Scientific classification
- Kingdom: Animalia
- Phylum: Chordata
- Class: Reptilia
- Order: Squamata
- Family: Scincidae
- Genus: Carlia
- Species: C. schmeltzii
- Binomial name: Carlia schmeltzii (W. Peters, 1867)
- Synonyms: Heteropus schmeltzii W. Peters, 1867; Carlia prava Covacevich & Ingram, 1975; Carlia schmeltzii — Cogger, 1983;

= Carlia schmeltzii =

- Genus: Carlia
- Species: schmeltzii
- Authority: (W. Peters, 1867)
- Conservation status: LC
- Synonyms: Heteropus schmeltzii , W. Peters, 1867, Carlia prava , Covacevich & Ingram, 1975, Carlia schmeltzii , — Cogger, 1983

Species of lizard

Carlia schmeltzii, known commonly as the robust rainbow-skink, is a species of lizard in the family Scincidae.

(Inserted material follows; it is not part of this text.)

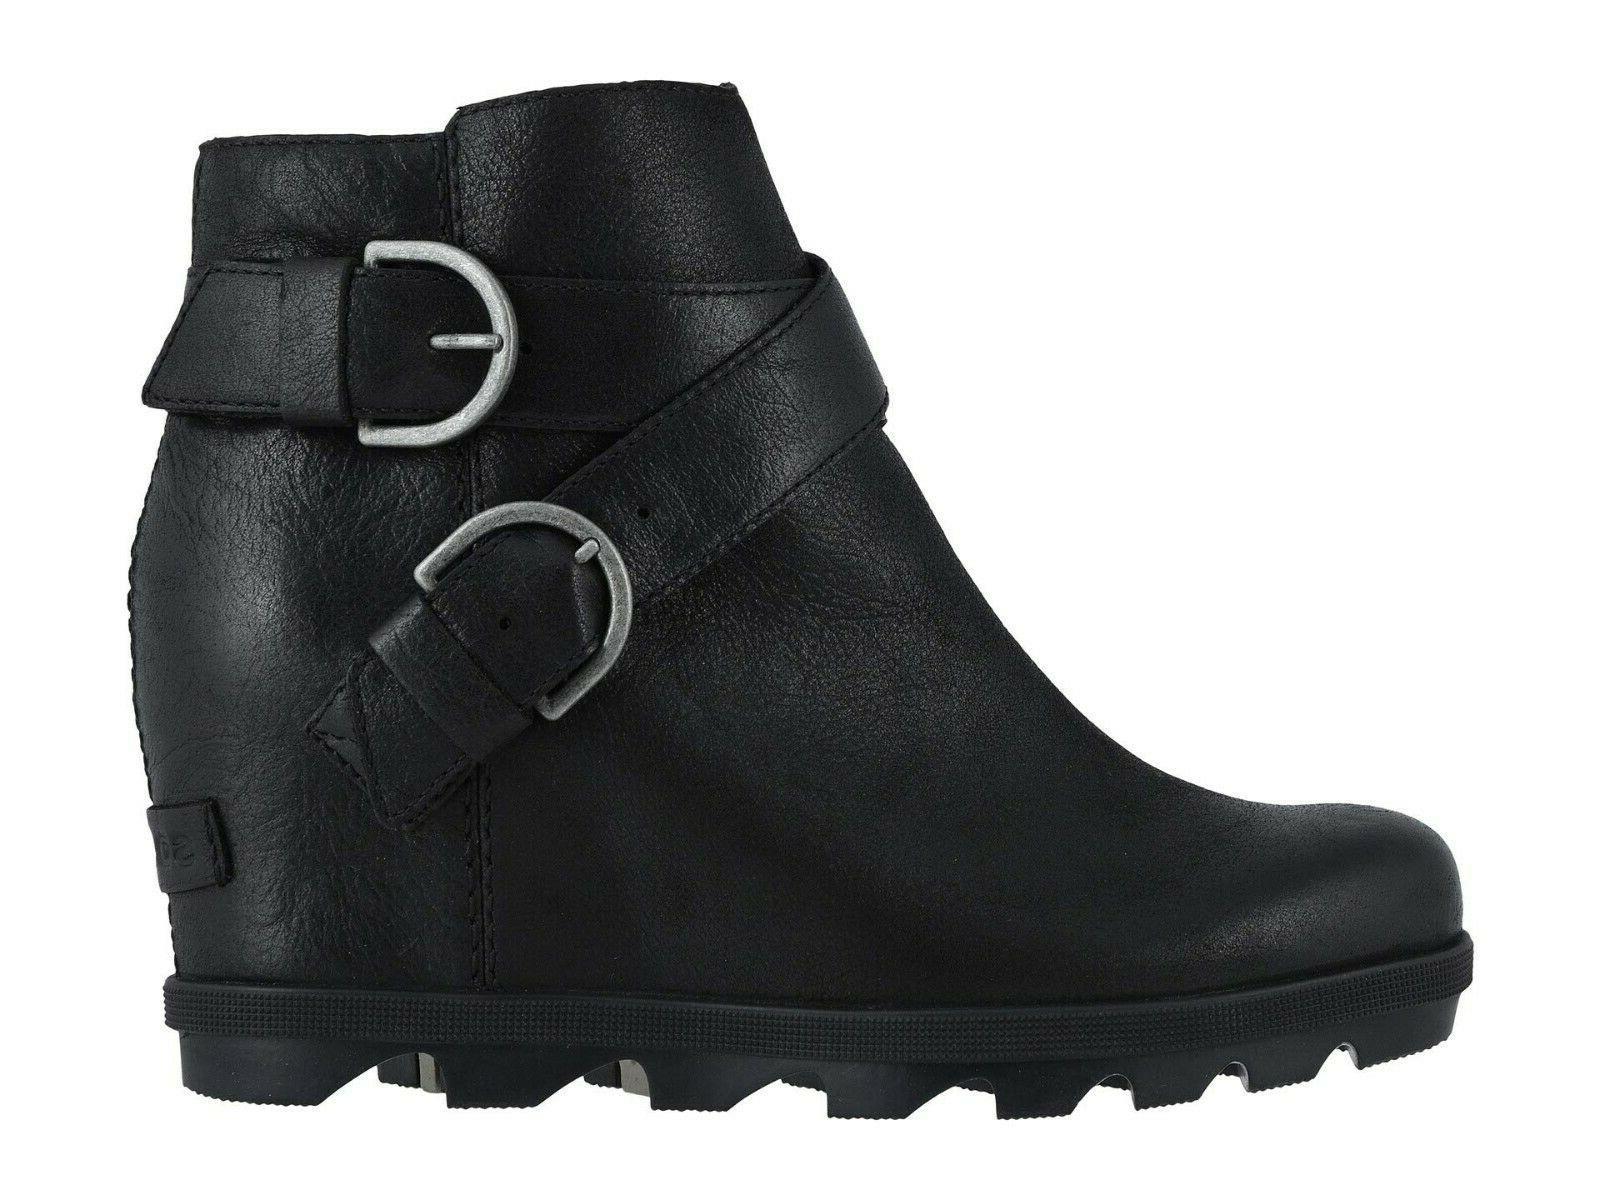 Sorel Women's Joan Arctic Wedge Leather Black 8 US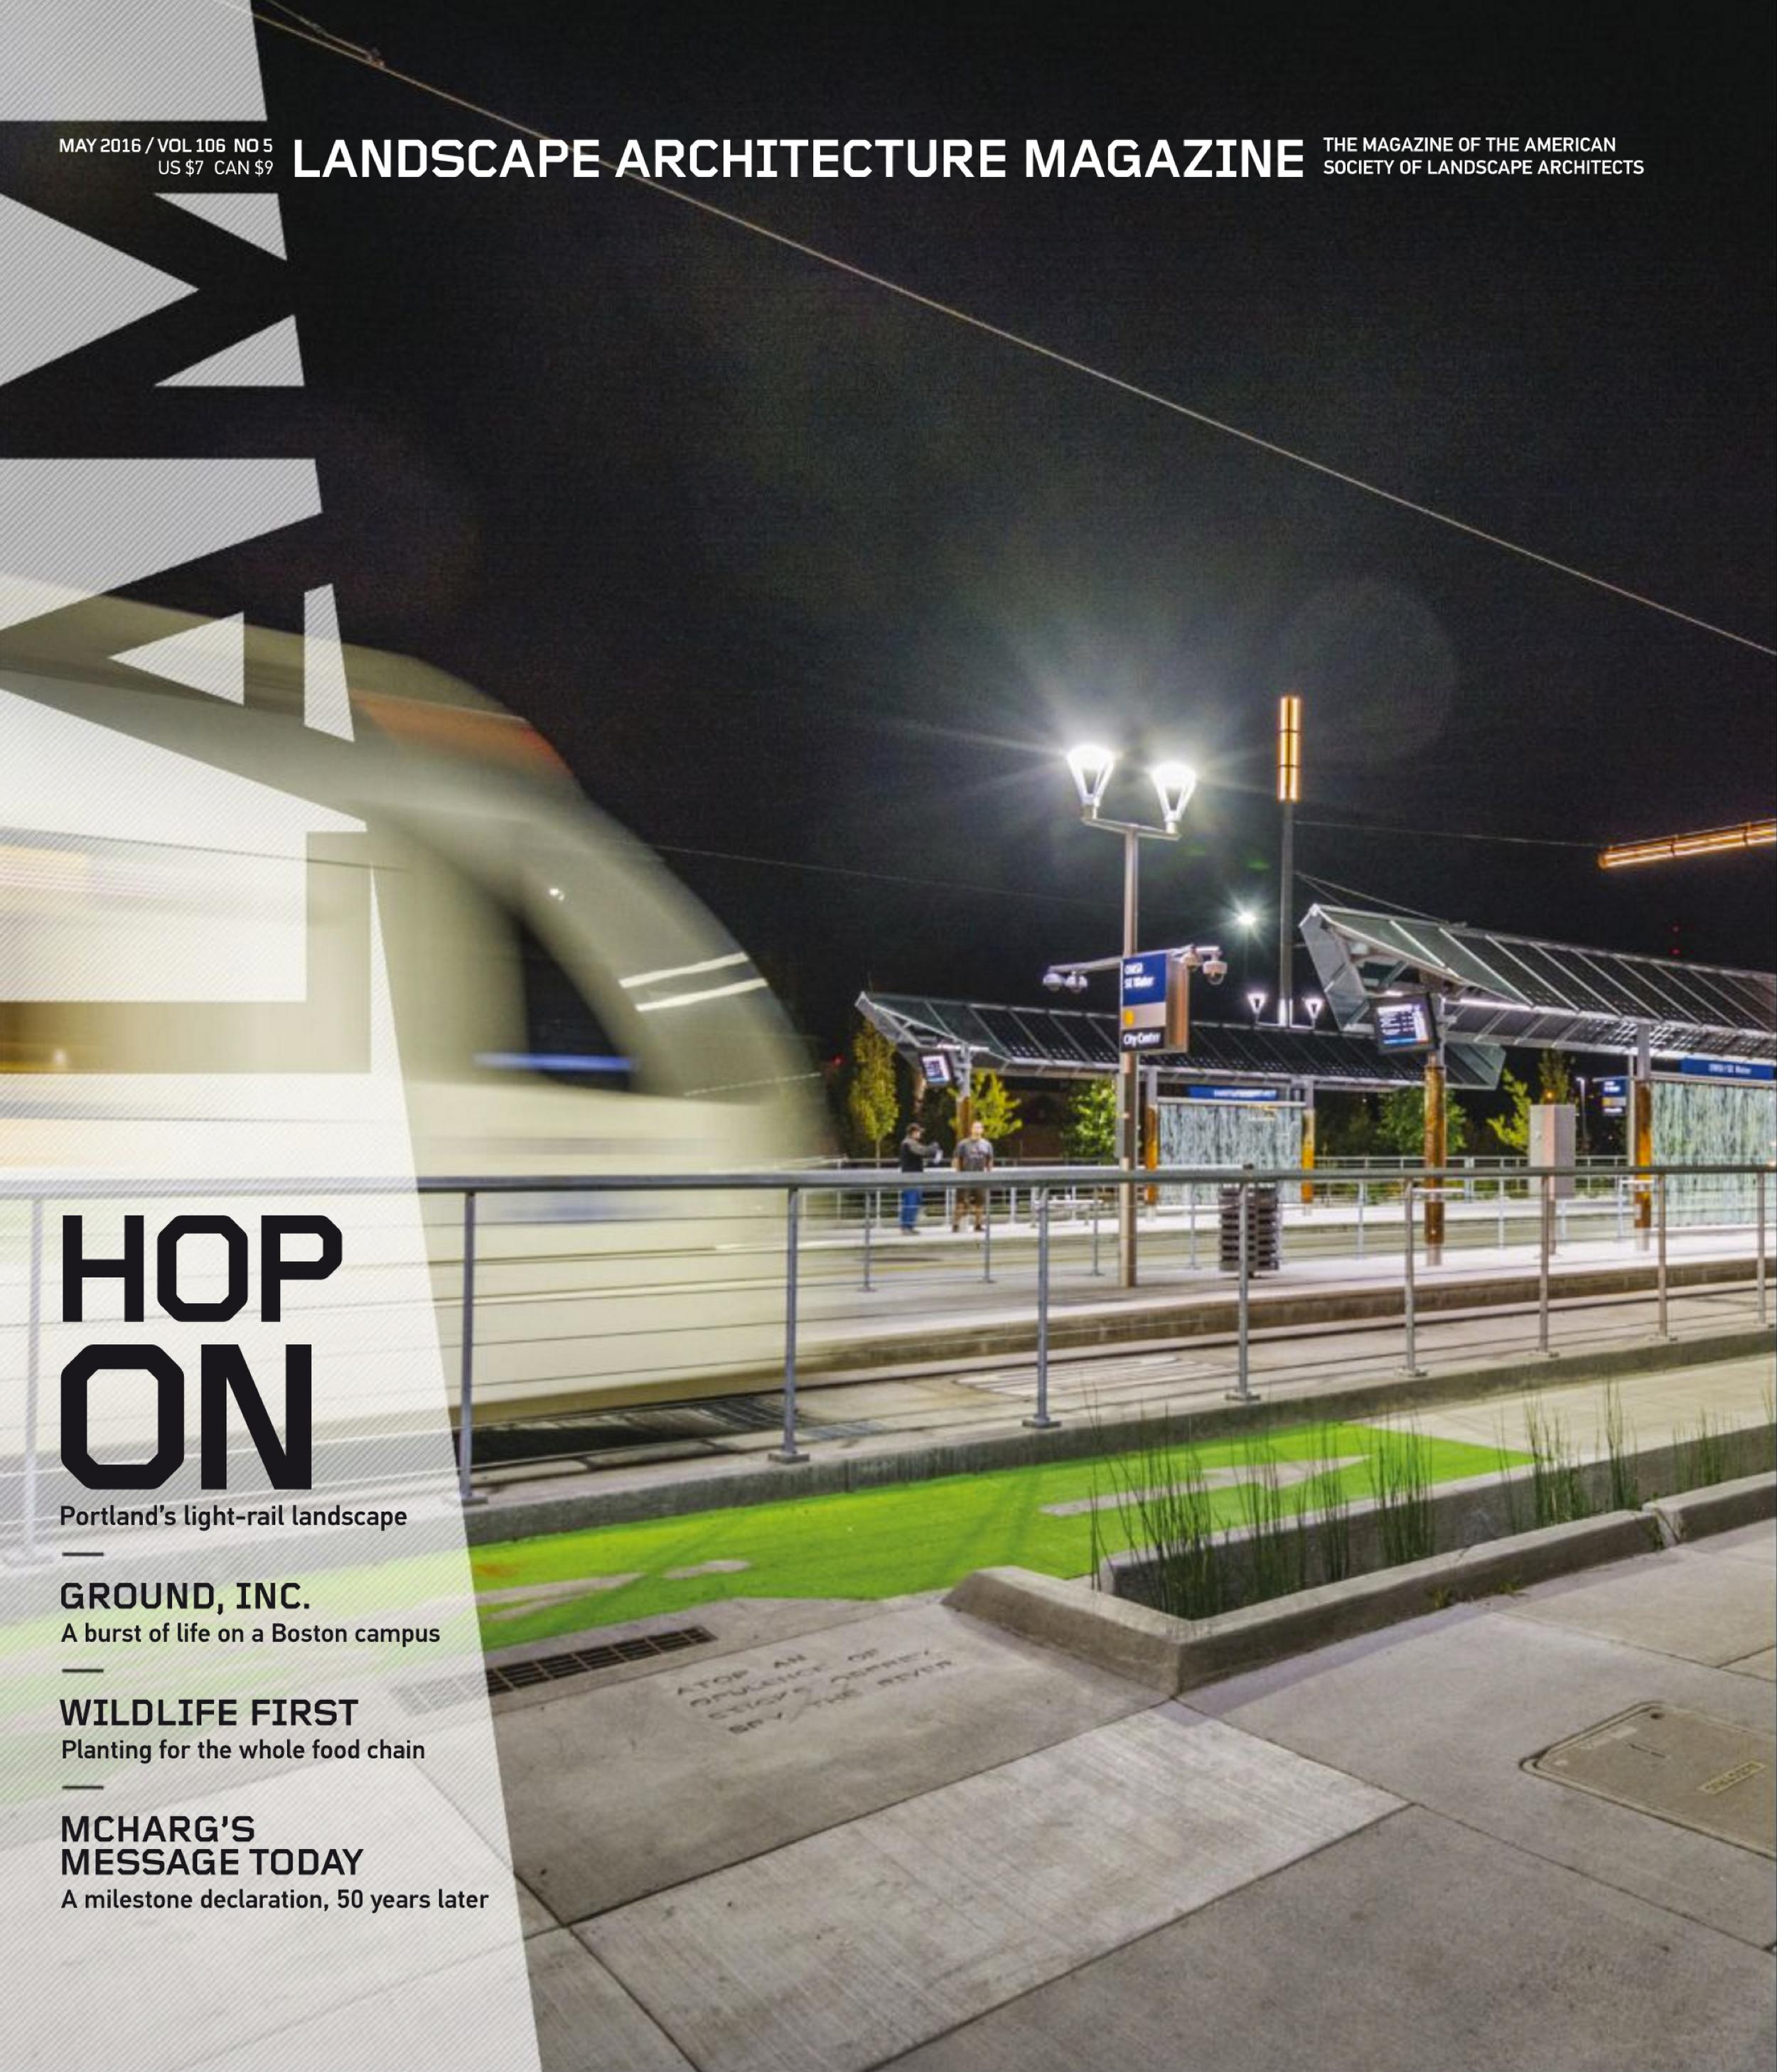 ArchitecturalMagazineSpread_Trimet.jpg

The species is endemic to Australia.

==Etymology==
The specific name, schmeltzii, is in honor of German ethnographer Johannes Dietrich Eduard Schmeltz.

==Geographic range==
Carlia schmeltzii is native to New South Wales and Queensland in eastern Australia.

==Habitat==
The preferred natural habitats of C. schmeltzii are rocky areas, shrubland, savanna, and forest.

==Reproduction==
Carlia schmeltzii is oviparous.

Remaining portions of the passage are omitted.